- _About this exercise_
Taking the data below, please print only the lines from the line holding "x² + 7x - 24 = -6" to the line holding "Harley Small Pendant", inclusive, with pictures omitted.

- _Data listing_
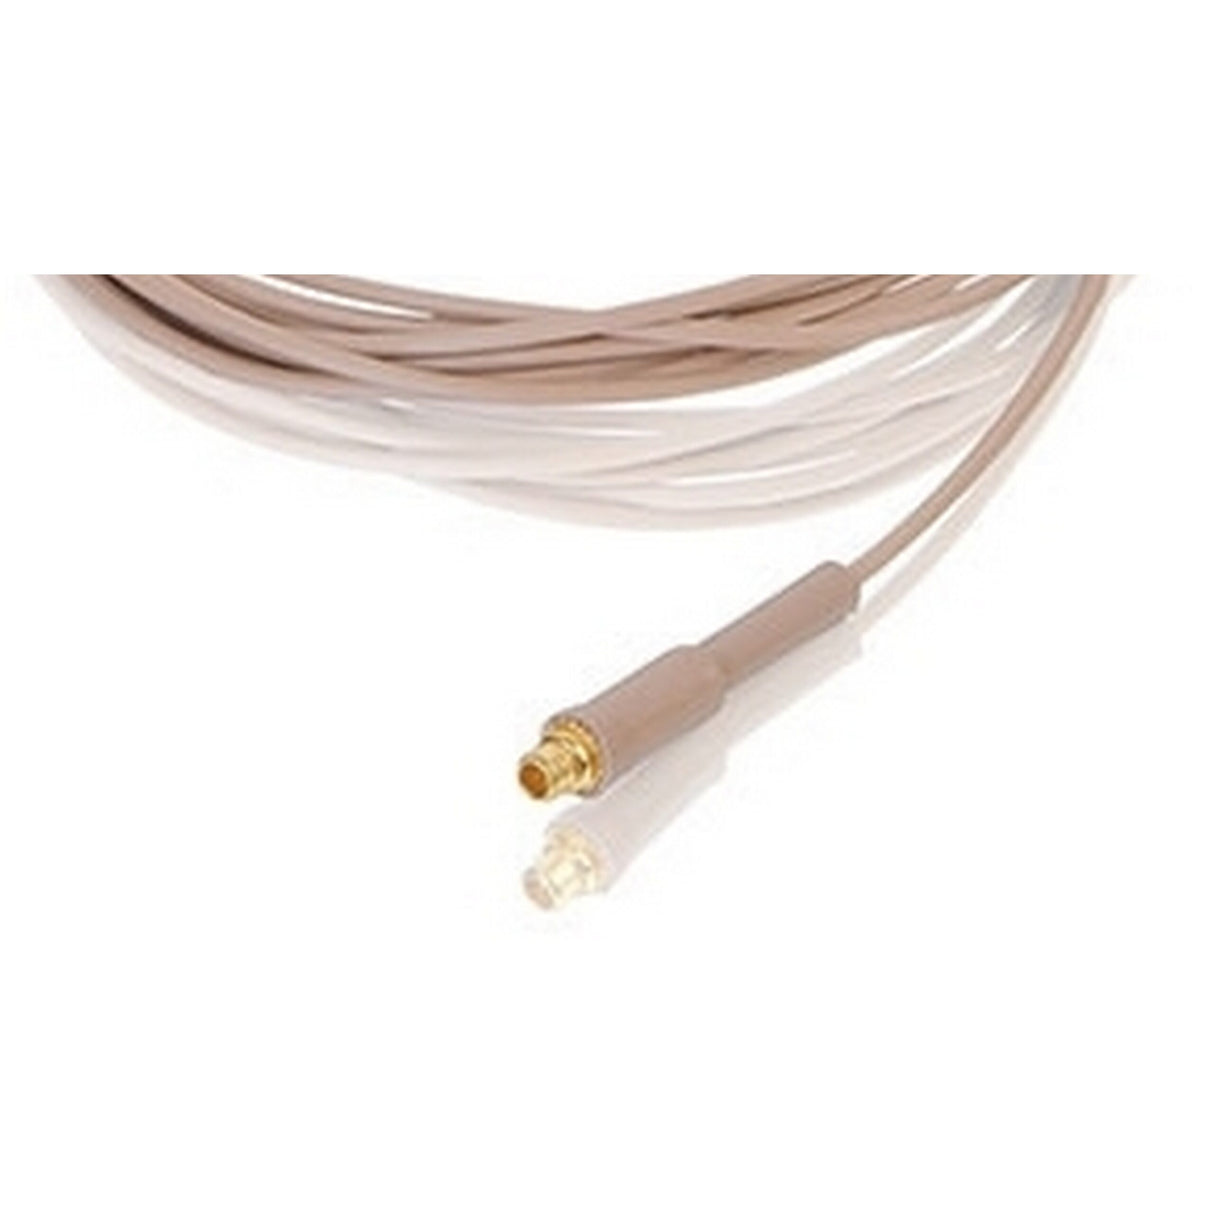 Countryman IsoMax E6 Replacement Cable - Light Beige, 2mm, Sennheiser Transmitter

...

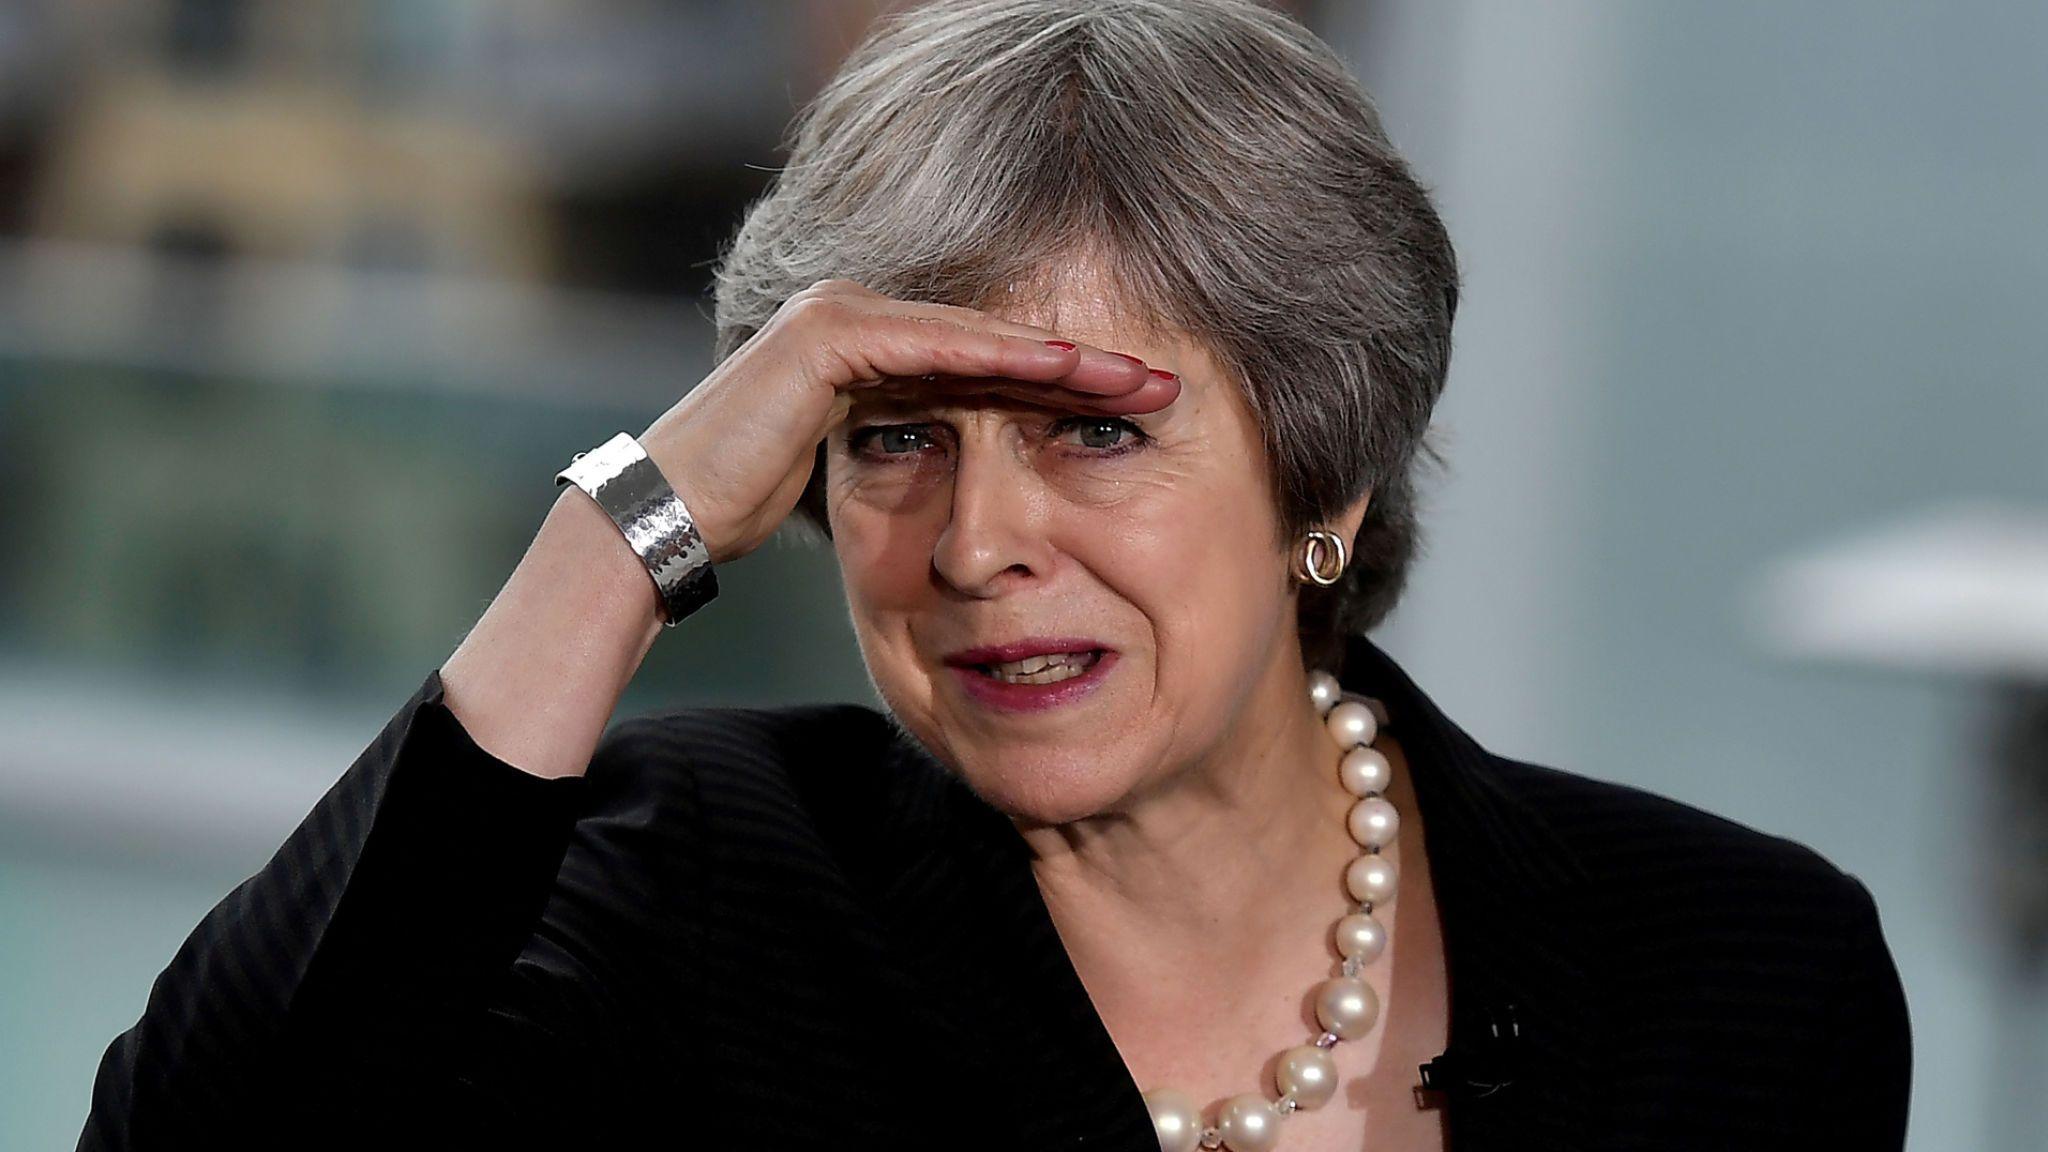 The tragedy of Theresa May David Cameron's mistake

---

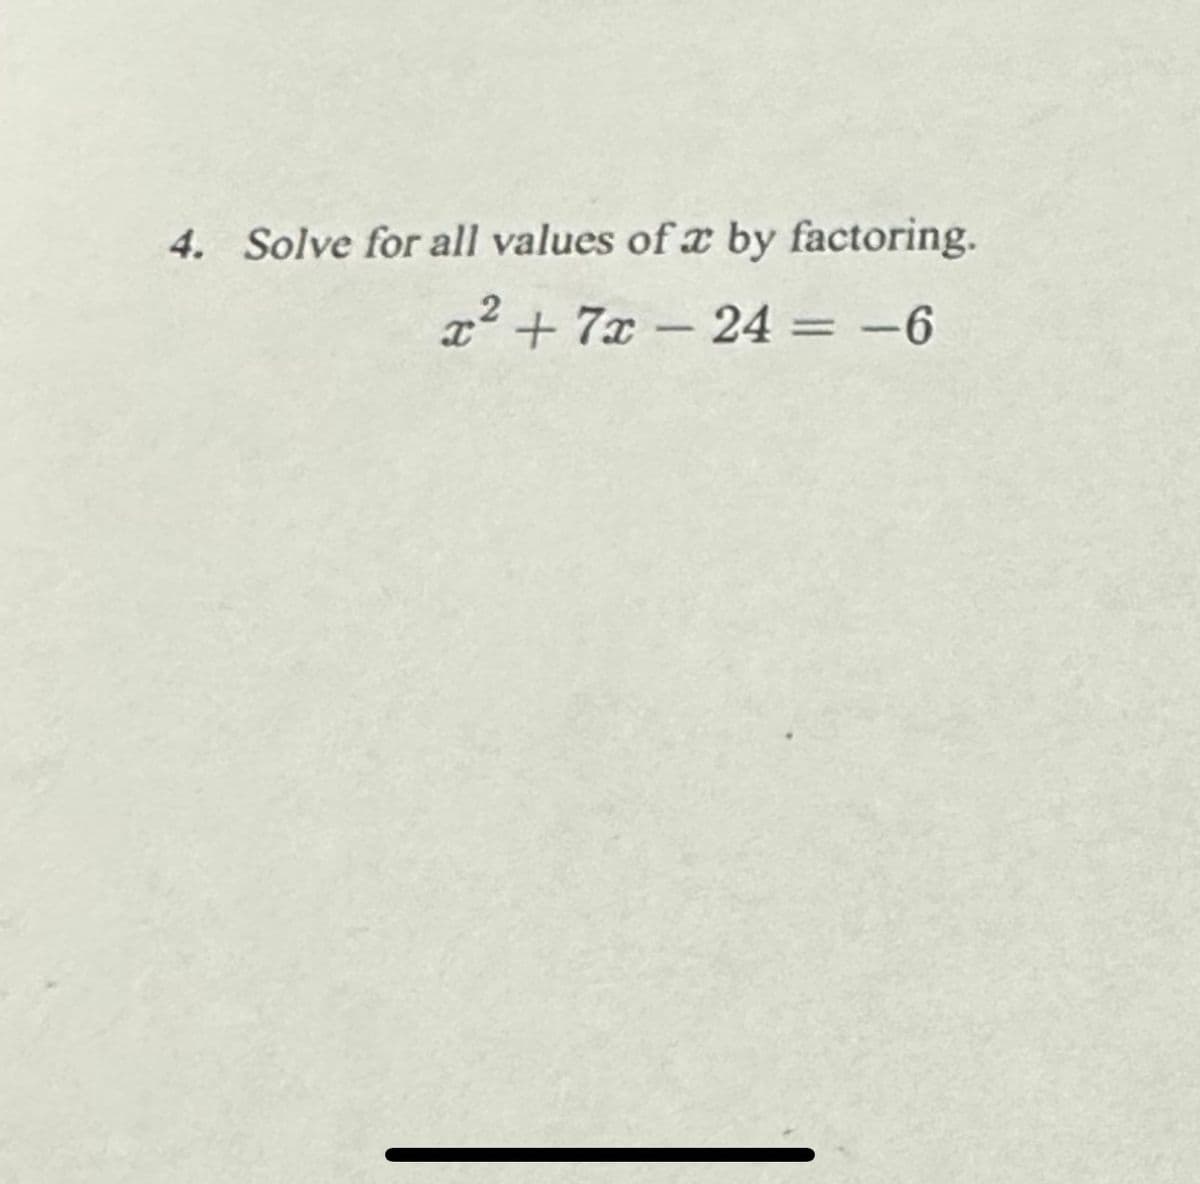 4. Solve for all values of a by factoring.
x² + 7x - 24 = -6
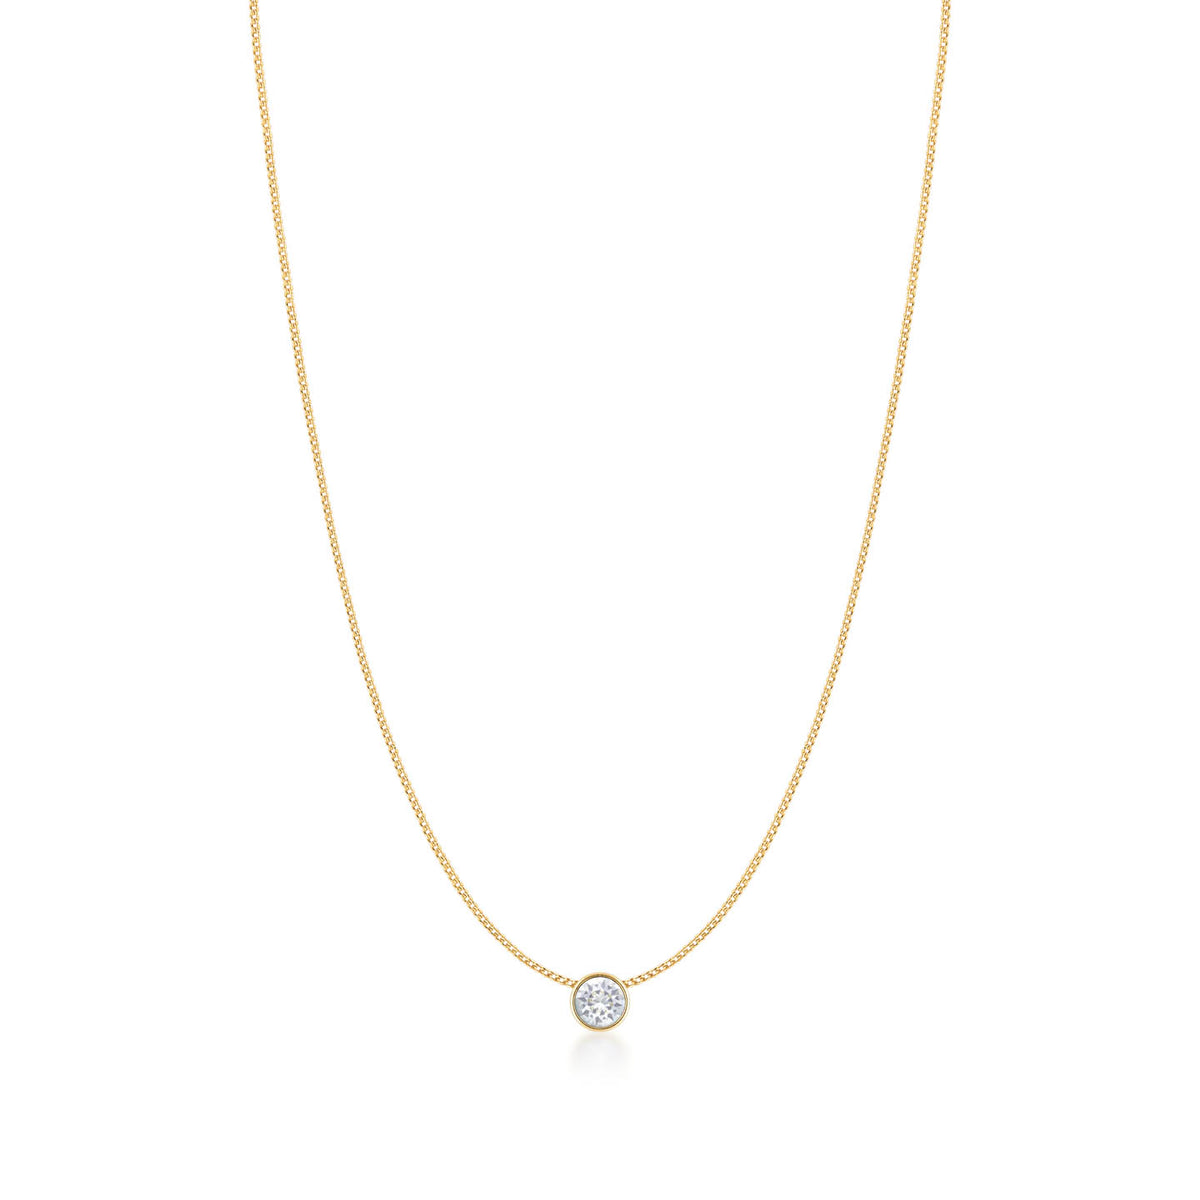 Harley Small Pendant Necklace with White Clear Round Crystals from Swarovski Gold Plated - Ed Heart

- _Answer_
x² + 7x - 24 = -6
 Harley Small Pendant Necklace with White Clear Round Crystals from Swarovski Gold Plated - Ed Heart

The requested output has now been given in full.